(no subject)

Jul 29, 2005 13:15

I leave tomorrow afternoon; 1pm. I didn't think I'd be upset in the least bit to pack up and go home, if anything, I'd be excited. But I was packing up sketchbooks and pencils last night and to my surprise, I was upset. I'm going to miss some of the kids here, I'm going to miss being in this city. I'm going to miss just hanging around 'Sac' doing absolutely nothing. I'm going to miss playing makeupaword scrabble, egyptian ratscrew, and puzzling.

I think some of the best memories were from last night, dressing up in TP Superhero costumes at the dining hall and wishing Becka a happy birthday... or our pimps and hos birthday party for her. I'm going to miss evesdropping, snooping, and spying on people. I'm going to miss the 3rd floor back balcony. I'm going to miss having a scary basement, and being able to go 'exploring' in my own house.

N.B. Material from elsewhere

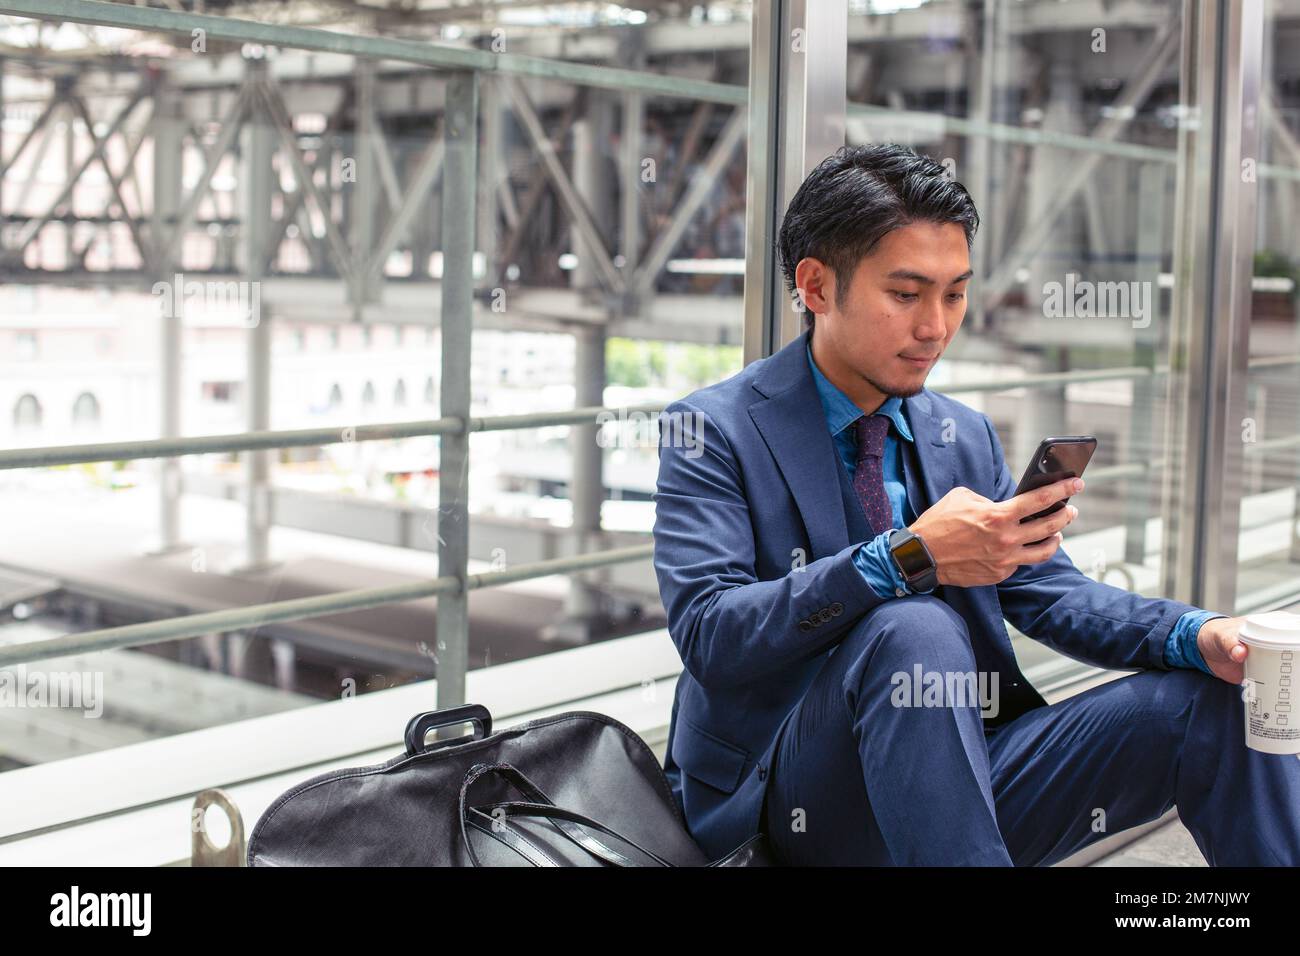 Un giovane uomo d'affari in una tuta blu in una città, guardando lo schermo del suo telefono cellulare, testando o leggendo un messaggio. Foto Stock

I won't forget falling asleep in Katie's bed only to wake up in the morning to realize that she never woke me up to send me to my room. I won't forget how easily she's startled. I won't forget her silent laughs.

I won't forget how happy Dani is right now, or hearing about her "honey-bunches-of-oats" -Graham. I won't forget her and I saying the same things at the same times and then getting freaked out only to do it again in a couple of minutes. I won't forget lending her my sunglasses for certain sunburn-related reasons.

I won't forget Marielle and I bonding from the first hour of being roommates. I won't forget Dustin and I talking about MK and Ash for an hour at MIT. I won't forget Joe and I going to McDonald's every other morning for a break from Foundation Drawing... or making fun of Crazy Eyes.

Although I'm probably going to forget how annoying it is to share a bathroom. Or how bad a sunburn hurts for the first few days. Or that there is the nicest panhandeler in Harvard Square, I'm not going to forget how much fun I actually had here. People being annoying or assholes is just part of the experience.

I'm still excited to be home tomorrow, see my family and my friends. Actually start my summer for me but I'm thinking that this summer is living up to last summer, and might even surpass it. I'll leave Katie and Dani but I'll go home and be a complete retard with Chelsea. I must say I have released more endorphines in my brain while I was here than I will the rest of the summer.

I'm really leaving tomorrow afternoon; 1pm. And some of these people I'll never see again, but I doubt I'll forget about most of them.